The story so far...
Before diving into the Fellowship - a little about how I ended up here.
The early months of the COVID-19 pandemic provided both the opportunity and impetus to explore options for hosting our digital assets online, reuniting collections and researchers in a virtual space. In the world of remote work and study, a digital repository was no longer a ‘nice-to-have’ but ‘need-to-have’. However, in a model of bad timing, our repository had been decommissioned shortly before the pandemic began, and the tender process for a new one had ground to a halt in the disruption that followed. We needed a back-up plan.
Many of our collections had been photographed over the years, and so even though I was working at a makeshift desk in my bedroom, I had remote access to the images via OneDrive. So far so good. The metadata was another matter. Many of our images had been supplied for digitisation projects led by partner institutions, such as the National Library of Wales. Filenames and metadata had been supplied to project partners in accordance with their specifications, rather than internal protocols. These requirements tended to change on a project-by-project basis, leaving us with inconsistent, incomplete, and non-interoperable metadata. Even if I could find a place to host the images, there would be a huge amount of work required behind the scenes to reconcile the metadata. I consoled myself that, in the short term, access was still available via those partner projects - or was it?!
In the first few weeks of lockdown, myself and my colleagues scrambled to develop a resource guide for digital primary sources, to help our final year humanities students who had been abruptly cut off from access to archives just as their dissertation deadlines were looming. While compiling our guide, I discovered that one major collaborative digital project we had submitted content to was no longer live or accessible. It was time to audit of all our digital content and metadata, and search for free, temporary accommodation - fast.
The Internet Archive came to the rescue. Perhaps more well known for archiving websites, the Internet Archive can also host copies of books and archives, provided that an institution is willing to license their content for public access. If your files are named systematically and incrementally, they can be uploaded with some basic metadata, and the Internet Archive will do the rest, for free.
Free, yes, but not necessarily fast. All those image files needed renaming, for one thing. And via the web interface, it was only possible to upload one digital object at a time. I had hundreds… A little googling revealed some documentation about batch ingesting using python via the command line. This could be the answer, if only I could penetrate the developer-speak in which the guidance was written. The only thing I knew about python was that it could be used to make bulk changes to files. Could it also help me systematically change all those filenames? It was time to get under the hood.

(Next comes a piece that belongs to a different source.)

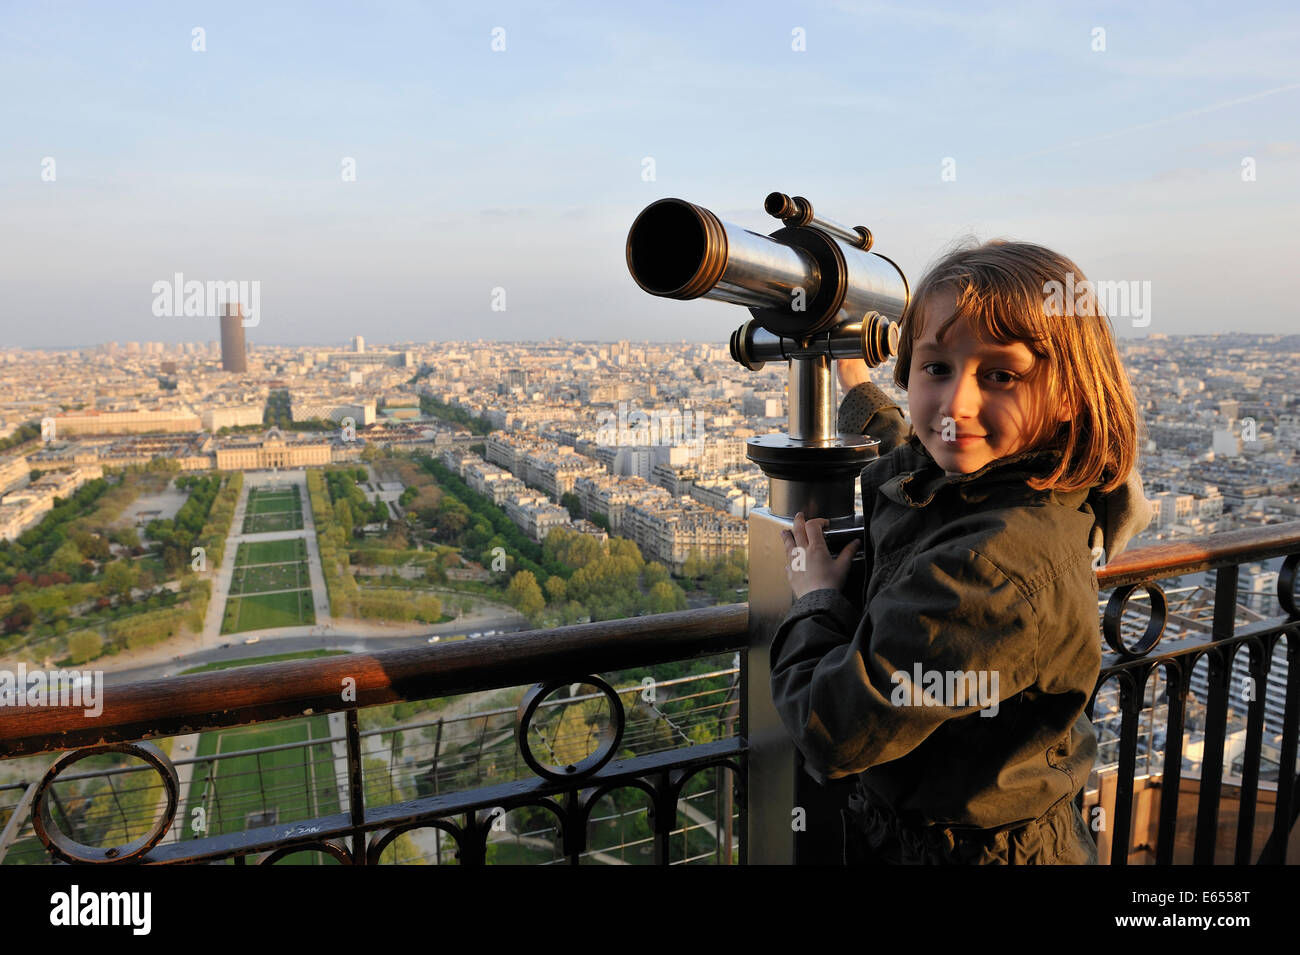 Junge Mädchen an der Spitze der Eiffelturm, Paris, Frankreich, Europa - mit Tour Montparnasse und dem Parc du Champ de Mars im Hintergrund Stockfoto

I was defeated at the first hurdle. Batch uploading to the Internet Archive required a ‘Unix-like environment’. Whatever this was, Windows didn’t have it, and I was reluctant to attempt to create a Linux partition on the hard drive of my elderly laptop, brought out of semi-retirement for what I thought would be a brief period of home-working. I succumbed to a long-held temptation, and acquired a Raspberry Pi. These tiny, budget computers are able to run anything that requires Linux, and fast.
To cut a long story short, I indulged in a few weeks of testing and trialling my now toy, amid MUCH googling, until I had written simple python scripts to batch change all of our image filenames, and connected our image folders with our Internet Archive account via the command line. Next came an epic spreadsheet of metadata, and finally, hours of overnight uploads, as Internet Archive ingested all our collections. I’ve documented the nuts and bolts of these processes elsewhere, and in the interim a similar resource has been developed by SUCHO (Saving Ukrainian Cultural Heritage Online), which is leveraging the Internet Archive to swiftly rescue and secure archives threatened by war in Ukraine.
Following this work, I gave presentations at conferences about my experiences of using the Internet Archive to do digital ‘on a shoestring’. I realised the level of interest from other institutions, and began to wish I had more time to dedicate to researching free tools, and sharing them with others.
When the call came around for the RLUK-AHRC Professional Practice Fellowships, my application wrote itself. This was the opportunity I’d been looking for to build on the skills and knowledge I’d been able to acquire during the pandemic’s disruption to business-as-usual. For all the anxiety and uncertainty of this time, it provided a unique chance, as individuals and as organisations, to review and reassess our direction and priorities.
Putting our collections on the Internet Archive achieved far more than just making them accessible remotely. It showed our stakeholders what we could offer, and helped to build a case for internal investment. Cardiff University subsequently acquired a subscription for Alma Digital, an Ex Libris product, and I was able to lead its implementation, configuration, and deployment. Alma Digital is IIIF-enabled - more on this in a future post - and we are only just beginning to scratch the surface of its potential. Among other outputs, the Fellowship will provide the opportunity to review researchers’ requirements and aspirations for existing and future digital archives, and test the capability of our new digital repository to support these needs.